Silver bounding higher, gold still rising as structural damage begins to be realized!
Gold Today –Gold closed in New York at $1,323.70 after yesterday’s $1,317.60. In Asia the gold price jumped higher and London was trying to take the gold price higher just after its opening.
- The $: € slipped to $1.1152 down from $1.1067.
- The dollar index moved higher to 95.89 from 95.51 yesterday.
- The Yen strengthened slightly [102.65 down from 102.88].
- The Yuan was strengthening up to 6.6572 from 6.6441 yesterday.
Yuan Gold Fix
|Trade Date||Contract||Benchmark Price AM||Benchmark Price PM|
|2016 07 1
2016 06 30
|Dollar equivalent @ $1: 6.6572
Once again Shanghai took the lead in taking gold prices higher in their today, as the perspective on the global economy continued to point to more deflation and national monetary policies targeted more easing. The Bank of England of the United Kingdom [How long will it be called that if Scotland has a referendum to remain in the E.U. – will we have Border Controls in Berwick?] indicated lower interest rates, likely in August. The pound continues to slip.
LBMA price setting: $1,331.75 up from Thursday 30th June’s $1,317.00.
The gold price in the euro was set at €1,199.02 up €18.07 from Thursday’s €1,180.95.
Ahead of New York’s opening, the gold price was trading at $1,334.30 and in the euro at €1,199.42.
Silver Today –The silver price closed in New York on Thursday at $18.78 up from Wednesday’s $18.26 a rise of 52 cents. Ahead of New York’s opening the silver price stood at $19.20. We expect it to continue to outpace gold, particularly when gold rises itself.
The preoccupation in the U.S. with when the next rate hike will be, is giving way to the possibility of rates easing. Perhaps additional Q.E. will come onto market screens as global deflation continues its firm grip on the developed world economies. We do not believe the U.S. dollar can carry the burden of a strong Dollar.
Japan has announced a further fall in prices, which to us is confirmation that the Bank of Japan’s stimuli is failing badly.
In the United Kingdom we are likely to see a recession. The Governor of the Bank of England, Mark Carney, stated today, “It now seems plausible that uncertainty could remain elevated for some time. The economic outlook has deteriorated and some monetary policy easing will likely be needed over the summer.”
Any loosening by the BoE would be its first since 2012, when it last expanded its asset purchase program. Its key interest rate has been at a record-low 0.5% since March 2009. The BOE has signaled it can go closer to zero. Sterling has fallen about 11% since the EU vote.
Asked about the initial drop after the referendum result, Carney said big moves were to be expected and there had been a need for the pound to “find a new level.” It is doing so and will likely fall further.

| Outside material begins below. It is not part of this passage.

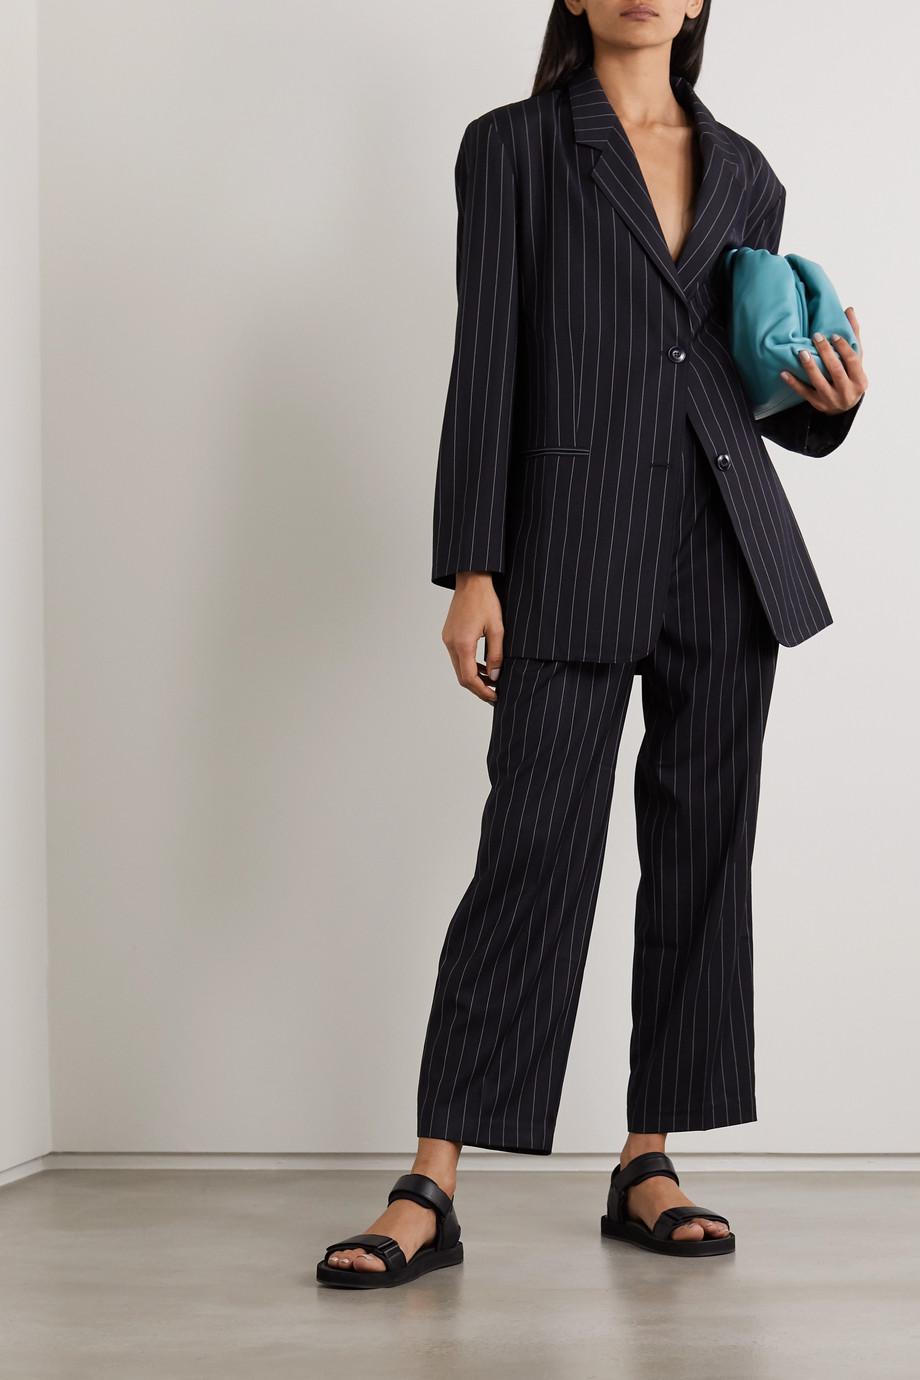 Frankie Shop Pernille oversized striped woven blazer

Gold is moving higher and will likely continue to do so in the face of monetary easing engulfing the global economy at the same time as deflation grows.

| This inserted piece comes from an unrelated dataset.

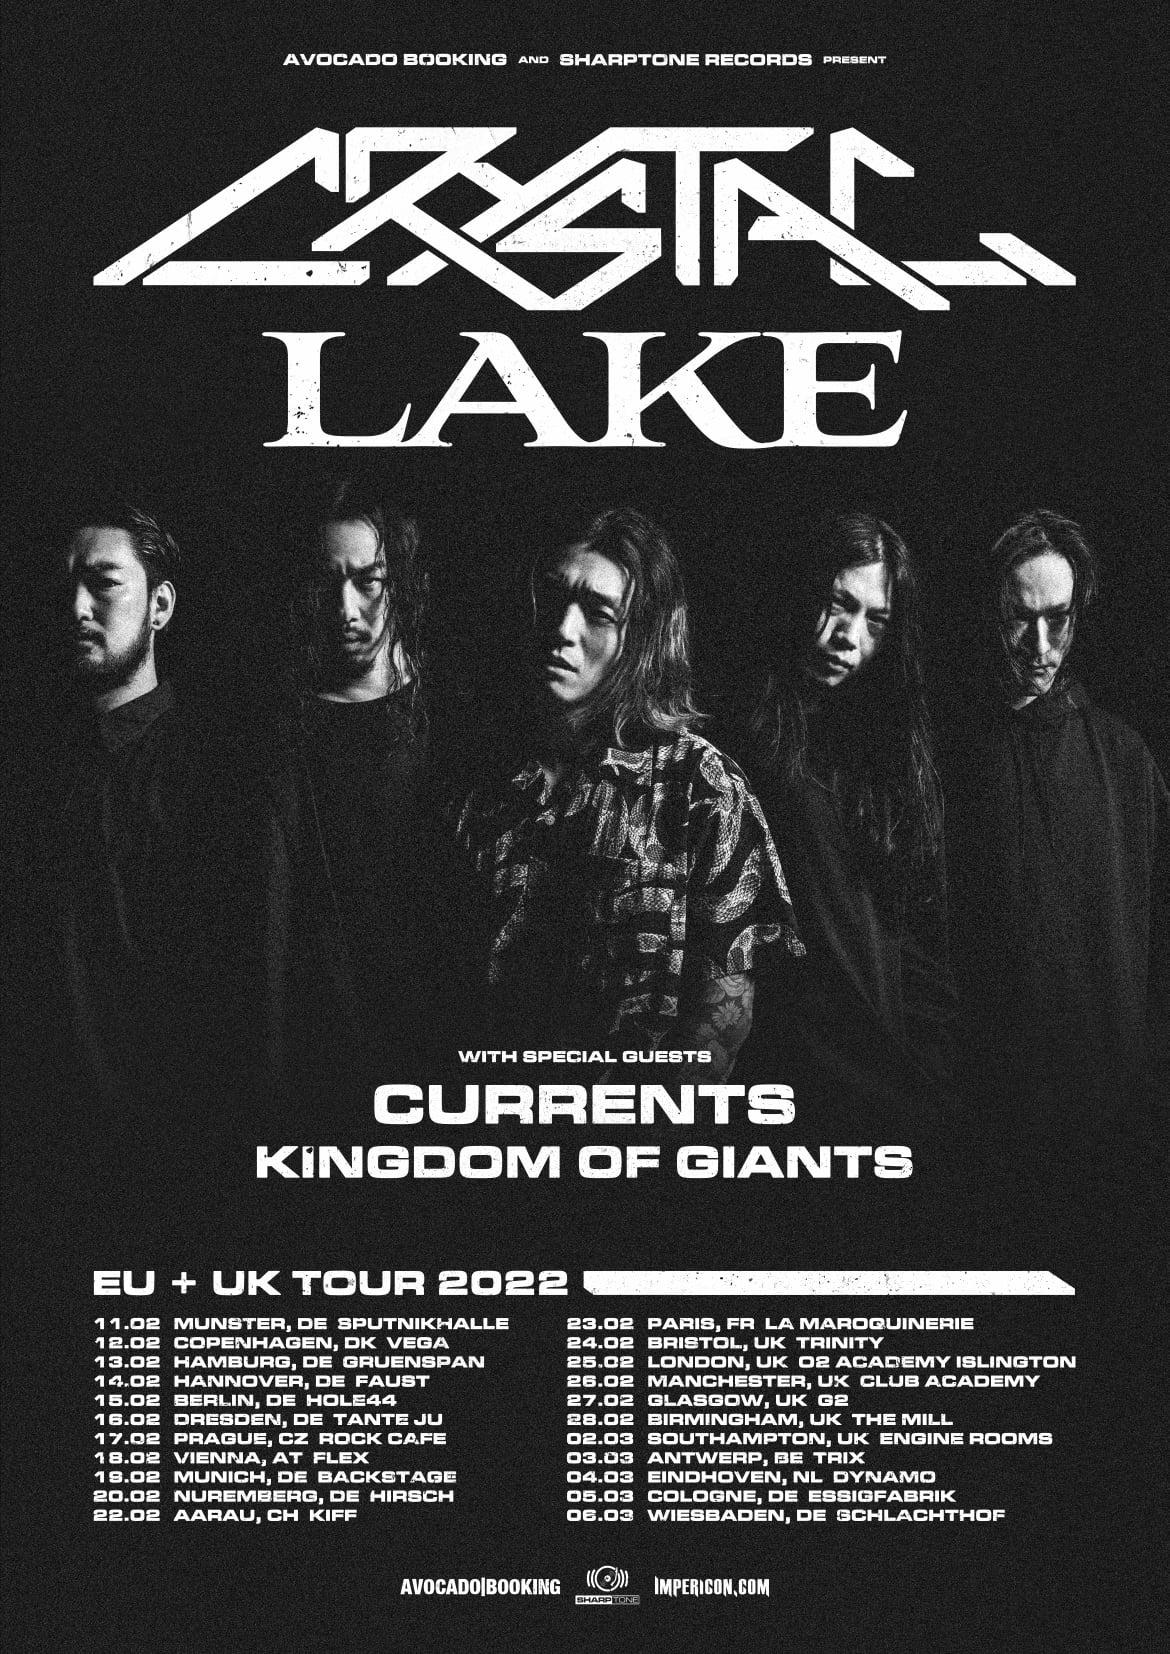 Crystal lake eu uk tour 2022

Gold ETFs – On Wednesday the holdings of the SPDR gold ETF remained the same leaving their holdings at 950.054 tonnes and the holdings of the Gold Trust rose a relatively massive 4.46 tonnes to take the holdings to 208.17 tonnes. Since January 4th this year, the holdings of these two gold ETFs have risen 361.438 tonnes.
Silver –Silver prices need to pause before tackling overhead resistance.